Monday, January 24, 2011

How many keys?

I am reading Bill Bryson's (or bill bryson, as he is described on the cover) "the mother tongue, english and how it got that way." Often, it happens that you are fully justified in castigating my careless capitalization, but in this case I am simply transcribing from the book cover. It was loaned to me by Dr. Funk. The subject interests me, and I find it delightful. It is a veritable mine of the sort of odd, erroneous or internally contradictory statements that I particularly enjoy.

"One of the persons to think to do so was, perhaps somewhat surprisingly, J.R.R.Tolkien, later to become famous as the author of the Hobbit trilogy."(capitalization his)

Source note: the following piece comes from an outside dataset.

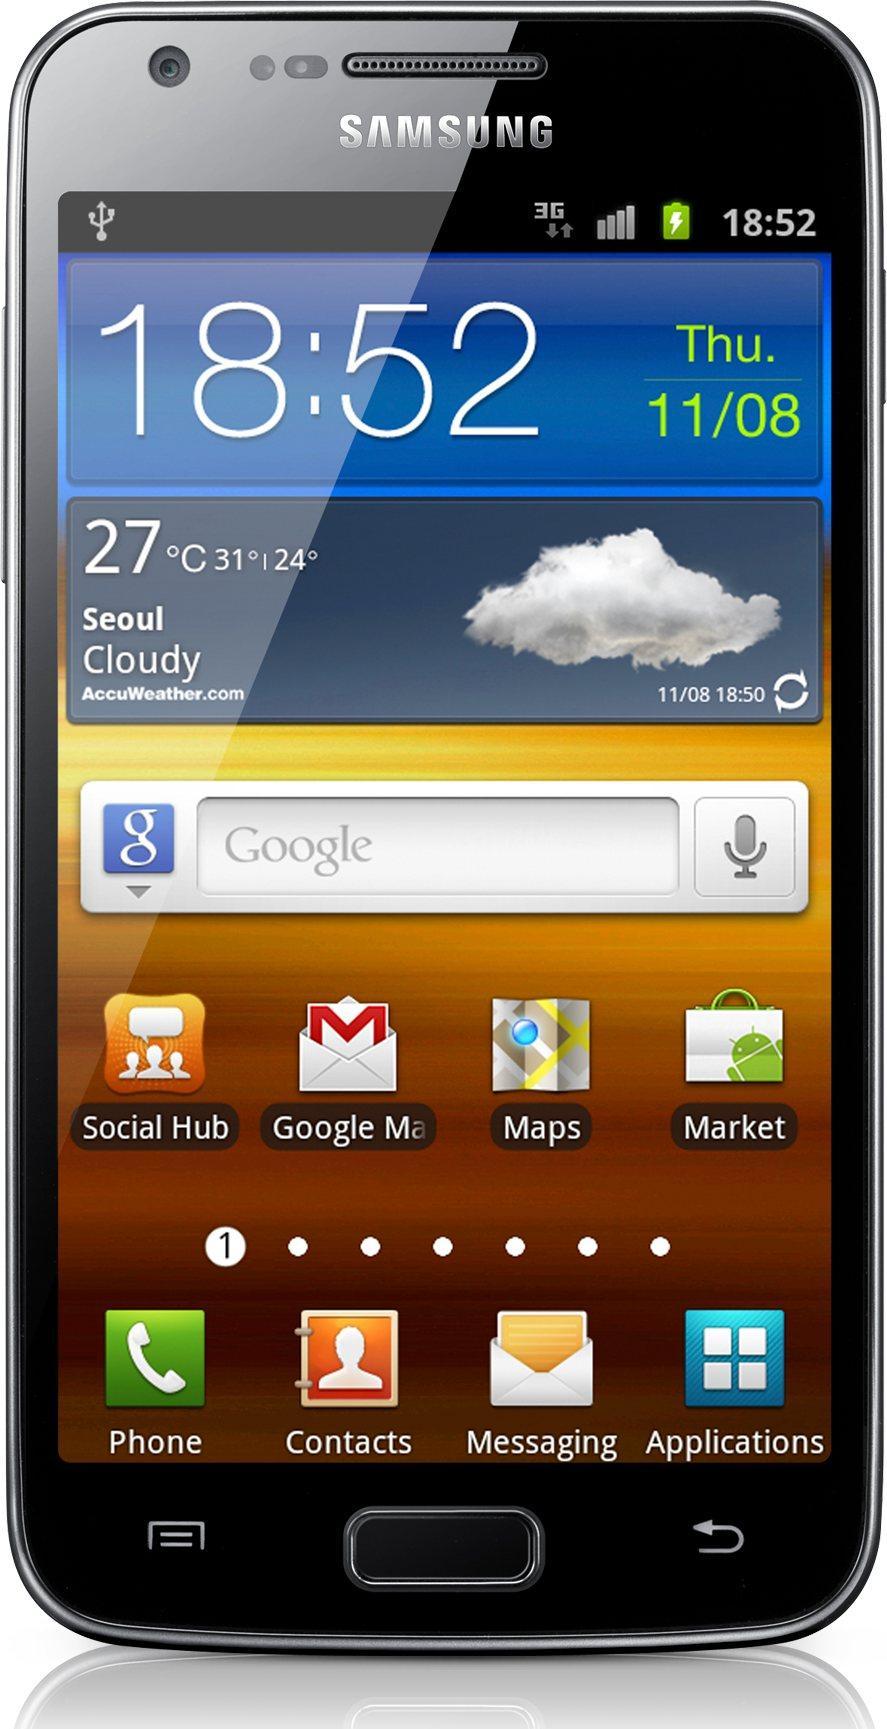 Galaxy S 2 LTE GT-I9210
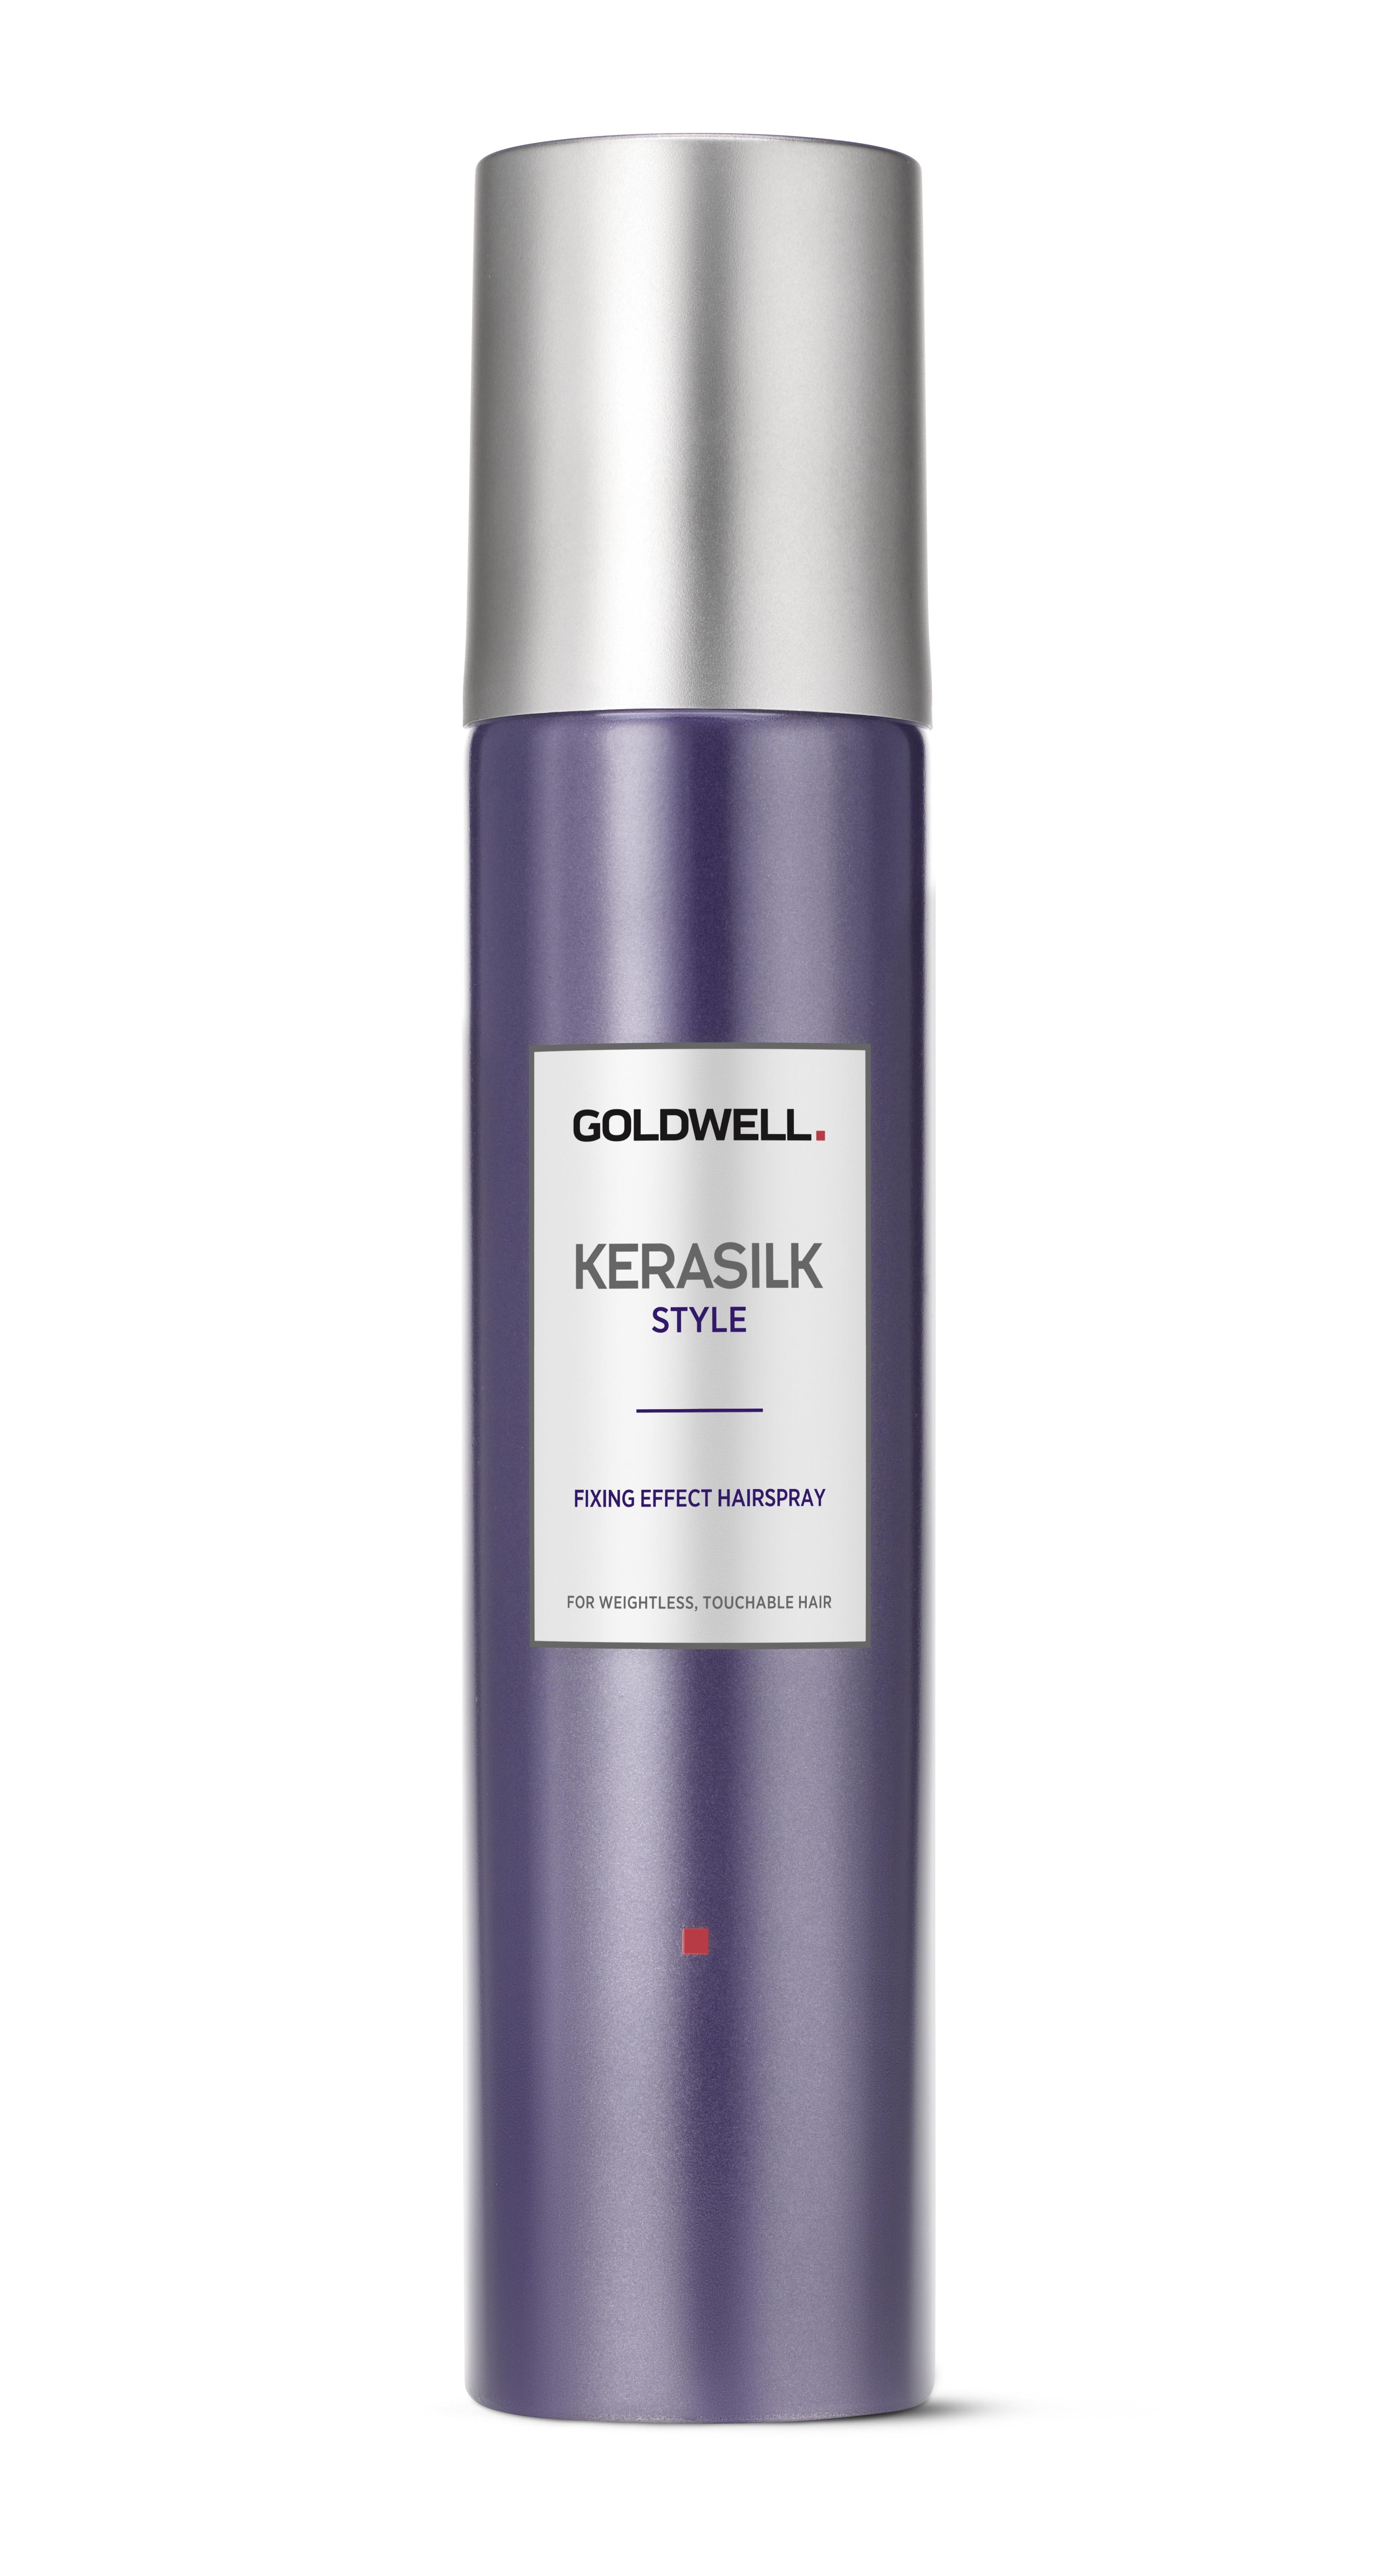 Goldwell Introduces Kerasilk Style Line

He is discussing the study of dialects. I suppose the superficial reader might miss Tolkien's interest in Linguistics. It is perfectly possible to assume that he was merely reporting those languages, not inventing them. It is rather surprising though, that he missed the fact that "The Hobbit" isn't a part of the trilogy, and that if you include it you have four books rather than three.

but it seems that math can be a problem, as witness;

"The Japanese have now managed to get around the pictographic problem by using a keyboard employing katakana syllables which are converted on the screen into kanji characters, rather as if we were to write "twenty percent" by striking 3 keys- "20," "per," "cent"- and then seeing on the screen one symbol: "20%."

How is it that I had to use 4 keys to get that 20%, I'm counting the shift of course, and, not counting the quote marks, 14 were needed for "twenty percent"

It is obvious that Mr. bryson's typing has become totally unconscious (I assume the Mr. should be capitalized, no?) There is, however a larger and subtle issue that over the years has become a great concern to me. I say this often, that it would seem that the public has become so passive that you can basically tell them anything and they won't challenge you. Amusing enough in this context, and I am enjoying the book, and I hope Mr. bryson will take my carping in good sport and not mind so much his poor math being pointed out. But in the political arena this passivity is being used to persuade the public into any unthinking position that certain politicians want them to take, and there it is dangerous.